Billing information. Payment processing is handled entirely by Stripe. Actionpad does not directly store credit card numbers or bank details. We store your Stripe customer ID and subscription status.

Usage data. Pages visited, features used, and general interaction patterns collected to improve the product. We do not use third-party analytics or tracking pixels.

Technical data. IP address, browser type, and device information transmitted automatically with web requests, used for security and debugging purposes.

3. How We Use Your Information

We use the information we collect to:

  • Provide the Actionpad service: authenticating your account, syncing calendar events, delivering meeting agendas, and managing action items.
  • Send transactional emails to meeting guests (agenda previews and action summaries) on behalf of meeting organisers.
  • Deliver Slack notifications if your organisation has connected Slack.
  • Process billing and manage subscriptions via Stripe.
  • Send transactional emails to you, such as billing confirmations and security alerts.
  • Monitor, maintain, and improve the service, including performance monitoring, bug fixing, and feature development.
  • Enforce our Terms of Service and protect against abuse.
  • Comply with legal obligations.

We do not sell your personal data. We do not use your data for advertising or profiling.
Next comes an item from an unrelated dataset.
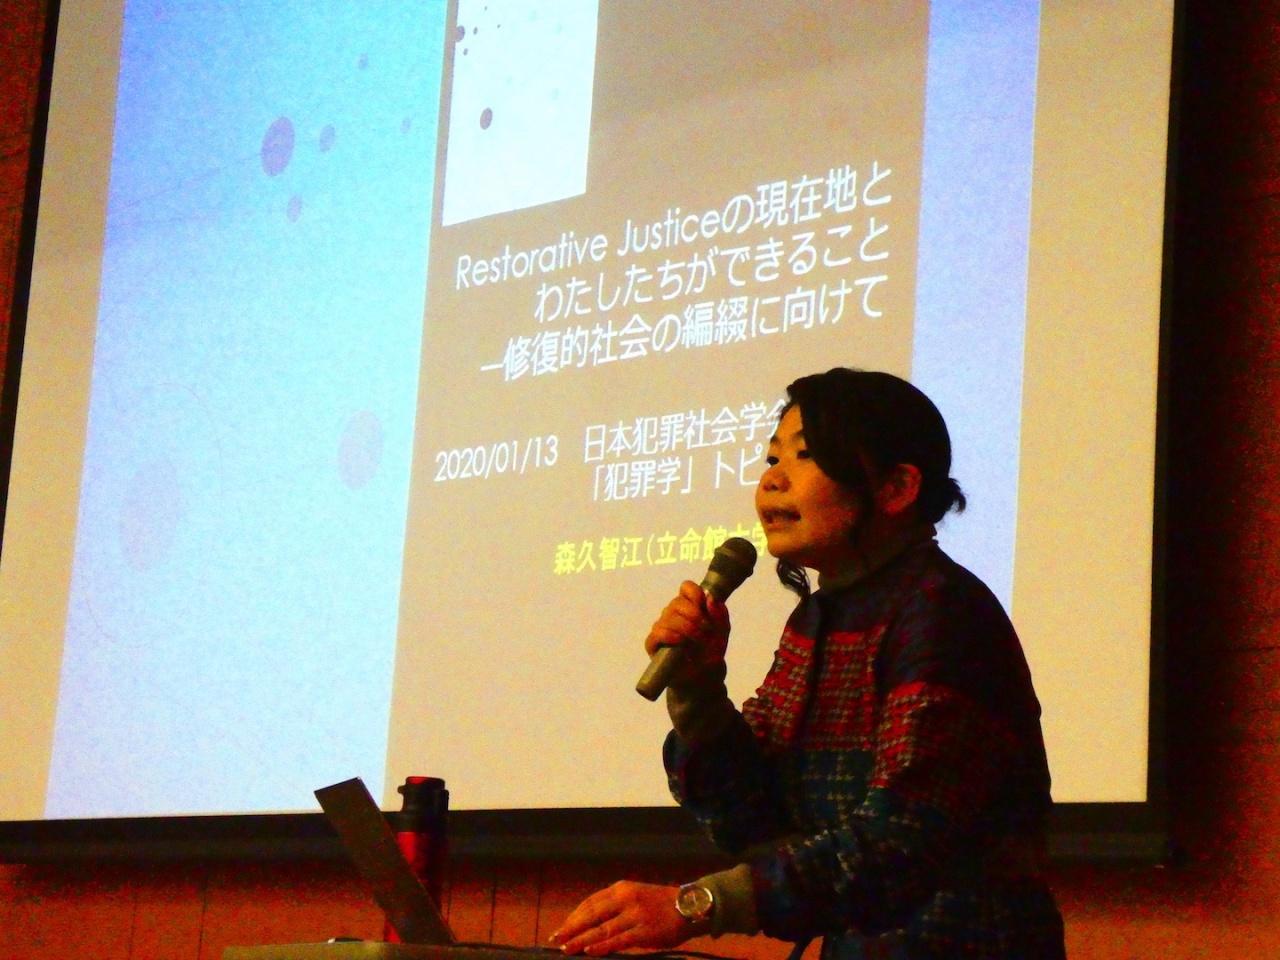 「トピックス:修復的司法」(森久智江・立命館大学)

4. Lawful Basis for Processing

If you are in the UK or European Economic Area, we process your personal data under the following lawful bases:

Contract performance (Art. 6(1)(b)). Processing necessary to provide the Actionpad service your organisation has subscribed to: account creation, calendar sync, content storage, email delivery, and billing.
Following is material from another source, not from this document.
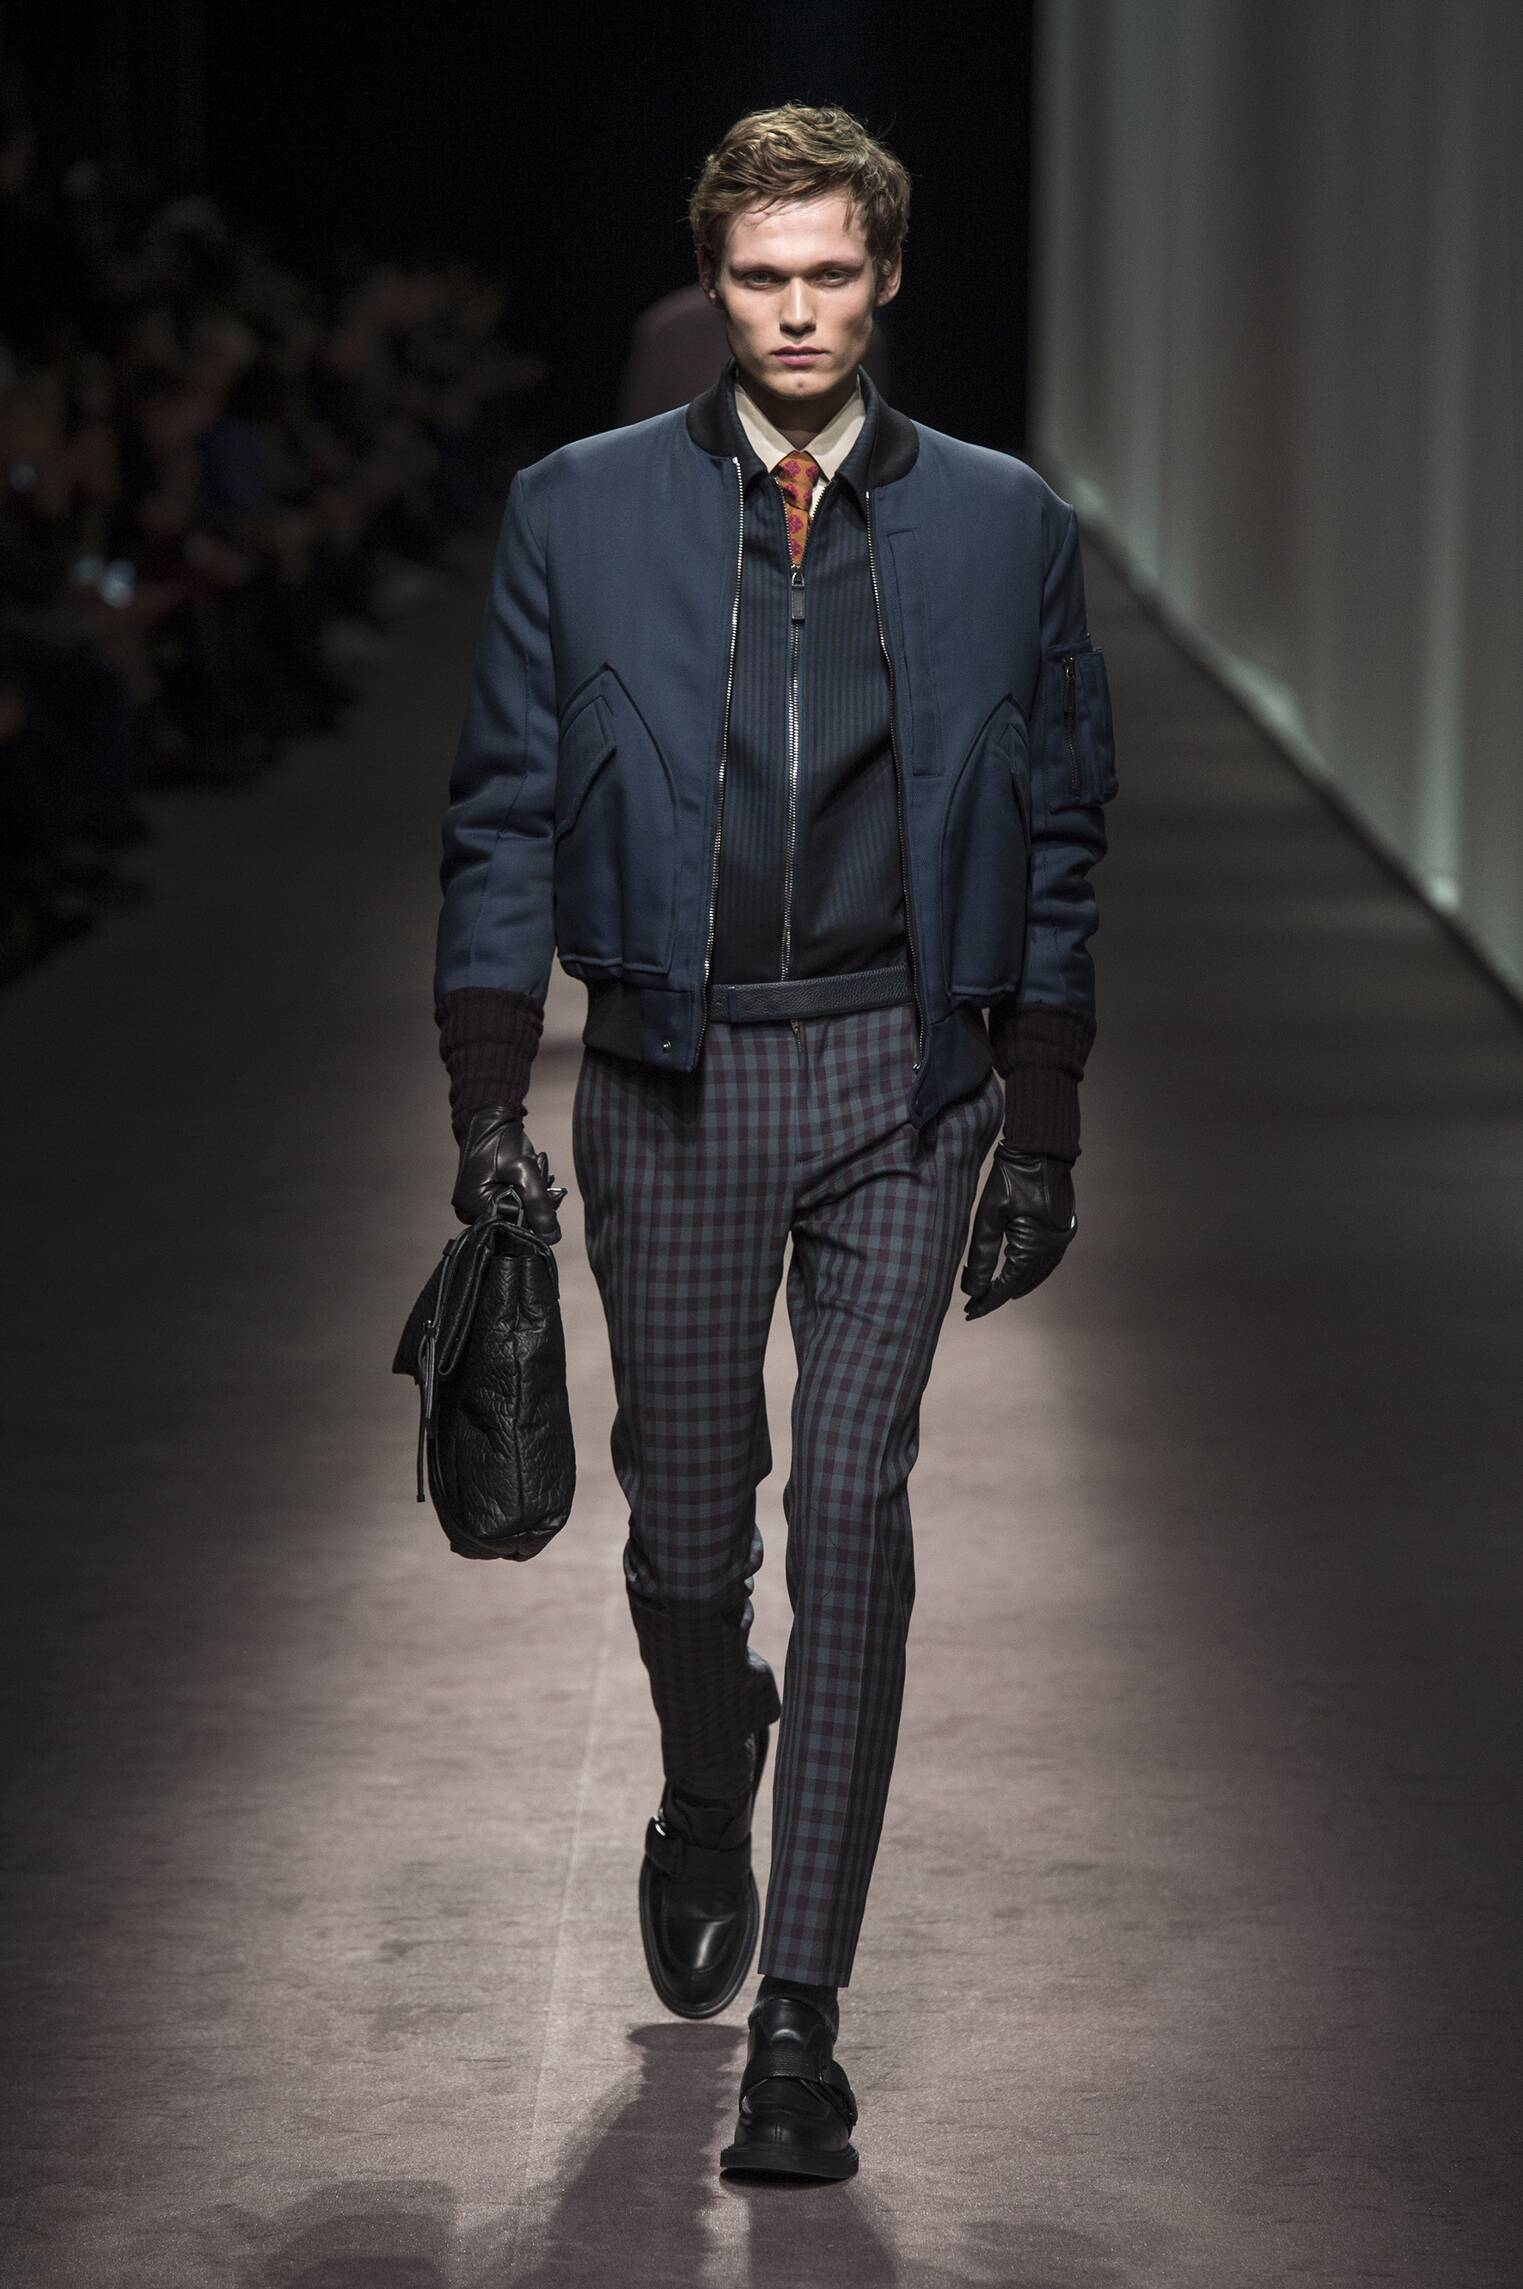 2016 Catwalk Canali Man Fashion Show Winter

Legitimate interests (Art. 6(1)(f)). Service security (rate limiting, abuse prevention), product improvement based on aggregated usage patterns, and communication about service-affecting changes. These interests do not override your rights because the data used is minimal and directly related to your use of the service.
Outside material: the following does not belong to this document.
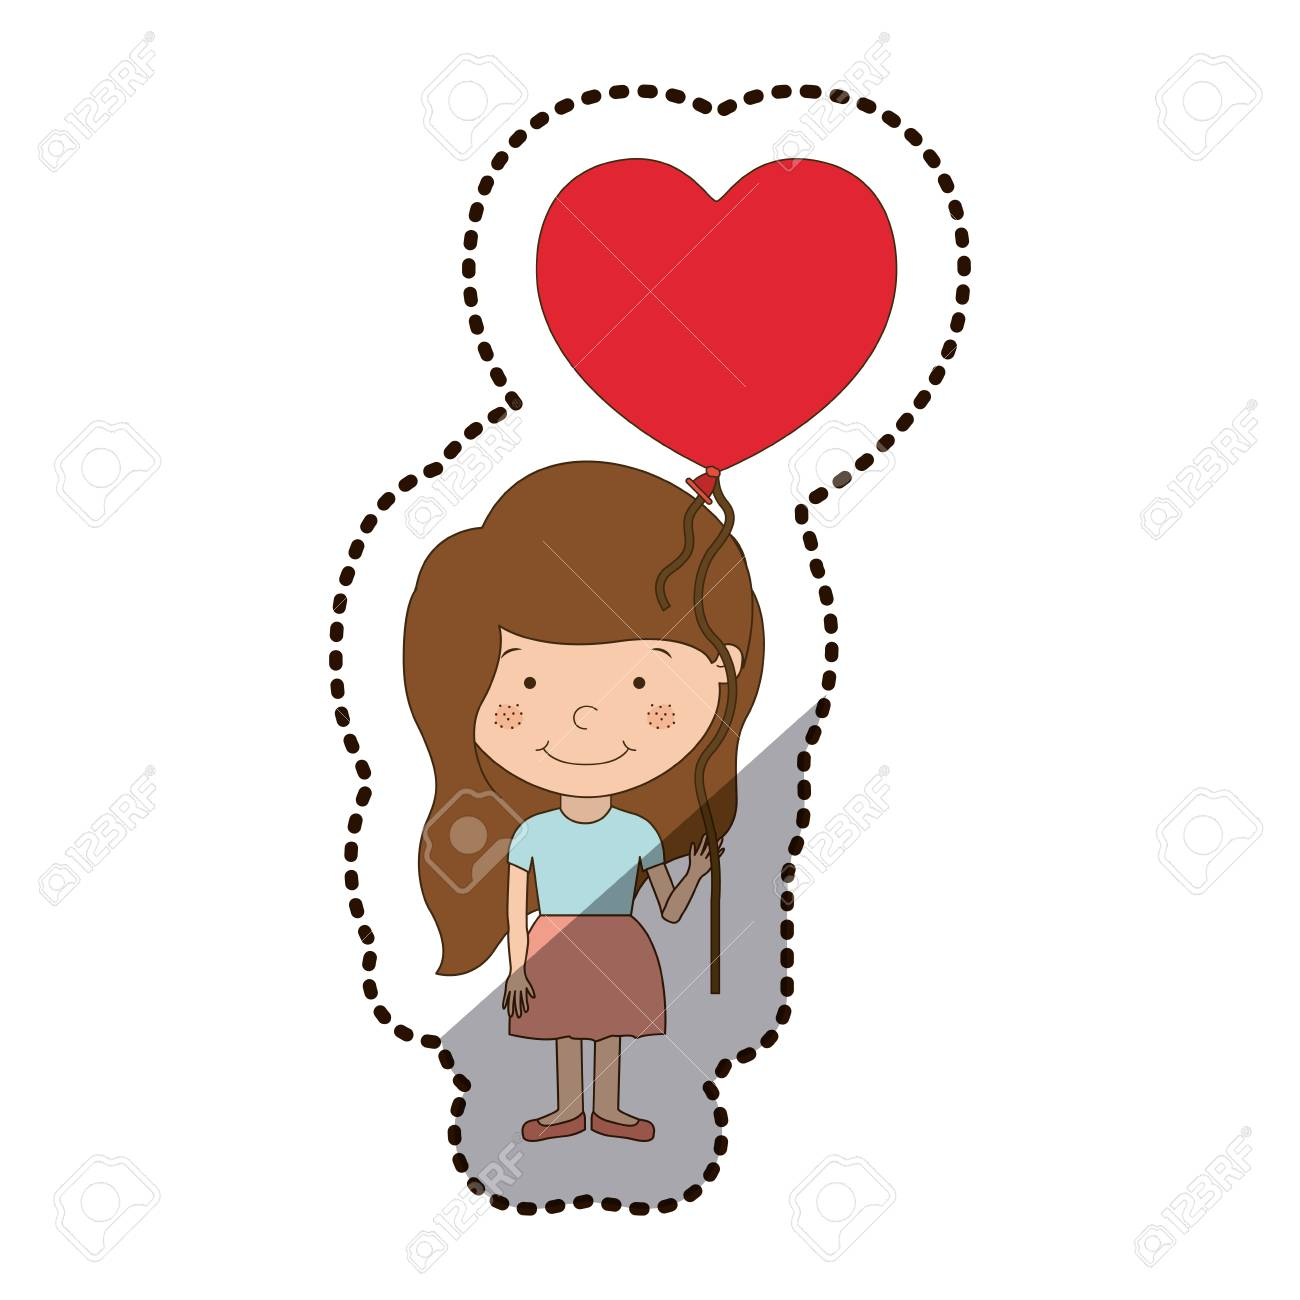 Girl Cartoon With Heart Balloon Icon Kid Childhood Little People

Legal obligation (Art. 6(1)(c)). Retaining billing records as required by applicable tax and accounting law.

Consent (Art. 6(1)(a)). We do not currently rely on consent as a lawful basis. If we introduce any processing that requires it in future, we will seek your explicit consent first.

5. Cookies

Actionpad uses a single session cookie to authenticate your login. This is a strictly necessary cookie. It is essential for the service to function and does not require consent under the ePrivacy Directive.

We do not use third-party tracking cookies, advertising pixels, or analytics cookies.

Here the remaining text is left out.